Calculator Inputs
Example Data Table
| Case | λ₀ (nm) | Radius (µm) | nₑff | nᵍ | ΔT (°C) | Expected Use |
|---|---|---|---|---|---|---|
| Silicon ring trim | 1550 | 10 | 2.40 | 4.20 | 10 | Filter alignment |
| Low power heater | 1310 | 15 | 2.35 | 4.00 | 6 | Sensor biasing |
| Large FSR device | 1550 | 5 | 2.45 | 4.35 | 15 | Dense channel tuning |
Formula Used
Resonance condition: mλ = nₑffL, where L = 2πR.
Thermal wavelength shift: Δλ = (λ₀ / nᵍ) × (dnₑff/dT + nₑffα) × ΔT.
Heater based temperature rise: ΔT = P × Rth × η.
Free spectral range: FSR = λ₀² / (nᵍ × 2πR).
Heater voltage and current: V = √(PR) and I = √(P/R).
How to Use This Calculator
Enter the cold resonance wavelength and ring radius first. Add effective index and group index from your waveguide model. Then enter the thermo optic coefficient and thermal expansion coefficient. Choose direct temperature, heater power, or combined mode. Add heater resistance and power for electrical estimates. Press calculate to see the tuned wavelength, shift, FSR, heater values, and target power.
Thermal Ring Resonator Tuning Overview
Ring resonators shift their resonance when temperature changes. The guided mode sees a new effective index. The physical ring length also expands. Both effects move the wavelength. In many silicon photonic designs, the thermo optic effect is dominant. A small heater can therefore tune a resonance by several picometers or nanometers.
Why Thermal Shift Matters
Thermal tuning is useful in filters, modulators, sensors, and wavelength division systems. Fabrication errors can move a resonance away from its target. Controlled heating pulls it back. Designers also use heat to align many rings on one chip. The electrical side matters because heater power, resistance, and pulse time set energy use and response limits.
Main Design Inputs
This calculator uses the cold resonance wavelength, ring radius, effective index, group index, and thermo optic coefficient. It can accept a direct temperature rise. It can also estimate temperature from heater power and thermal resistance. The heater efficiency field lets you include losses into substrate, metal, or package layers. A larger efficiency means more of the electrical heat reaches the optical mode.
Interpreting The Result
The wavelength shift shows how far the resonance moves from the starting value. The tuned wavelength is the expected new resonance. The free spectral range estimate shows the spacing between nearby resonances. The FSR fraction tells whether the tuning crosses a large part of one resonance period. A value near one means the resonance has moved about one full FSR.
Engineering Notes
Use measured coefficients when possible. Published values are only a starting point. Group index can vary with waveguide width and wavelength. Thermal resistance depends on cladding, substrate, heater shape, and heat sinking. Very high temperature can change loss, stress, or reliability. For fast pulses, steady state thermal resistance may overestimate the real shift. Use transient simulation or measurement for final hardware.
Practical Use
Start with nominal optical parameters from layout simulation. Enter realistic heater resistance and power. Compare a direct temperature case with a power based case. Then export the table. Keep it with lab notes, test data, and mask revision history. This makes tuning choices easier to explain. It also helps compare rings with different radii, heaters, and waveguide stacks during later design reviews.
FAQs
What does thermal tuning mean?
Thermal tuning means shifting the ring resonance by changing temperature. Heat changes the waveguide index and ring length. The resonance wavelength then moves.
Why is group index used?
Group index improves the wavelength shift estimate. It accounts for dispersion near the operating wavelength. This is often better than using effective index alone.

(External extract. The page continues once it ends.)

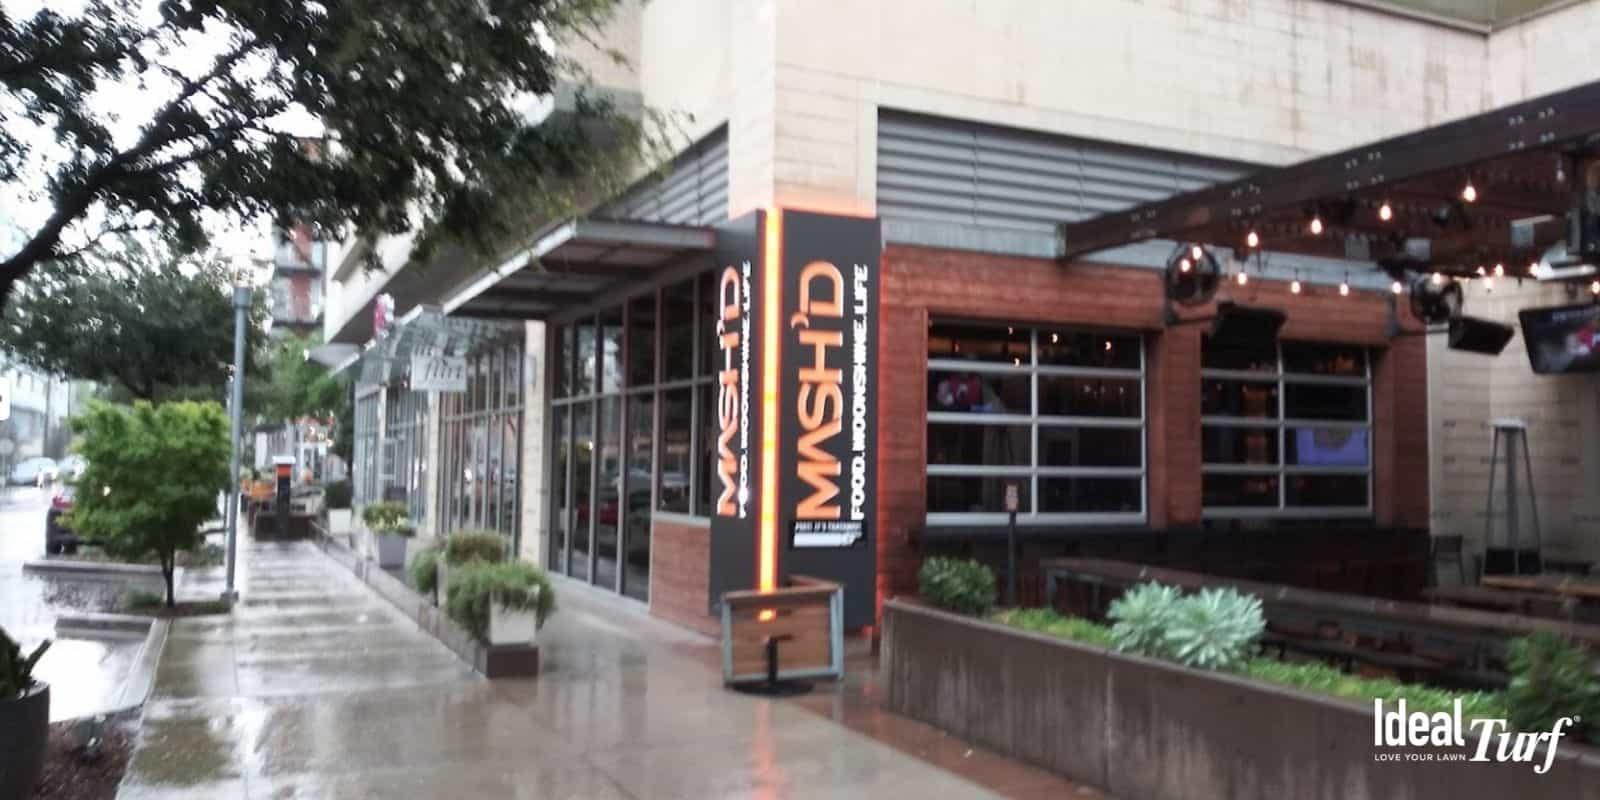 Front entrance of Mash'd in Fort Worth

Can I use heater power instead of temperature?
Yes. Select the power based mode. The calculator estimates temperature rise from heater power, thermal resistance, and heater efficiency.
What is the FSR fraction?
It compares the wavelength shift with the free spectral range. A value of 0.5 means the resonance moved about half of one spacing.
What coefficient should I use for silicon?
Many silicon designs use a thermo optic coefficient near 1.86e-4 per degree Celsius. Use your measured or simulated value when available.
Does thermal expansion matter?
It can matter, but it is often smaller than the thermo optic effect. It is still included for better advanced estimates.
Why enter loaded Q?
Loaded Q gives an estimated resonance linewidth. The calculator compares thermal shift against this linewidth to show tuning strength.
Is this enough for final chip design?
No single calculator replaces measurement or simulation. Use it for planning, review, and early estimates. Verify final heaters with thermal and optical tests.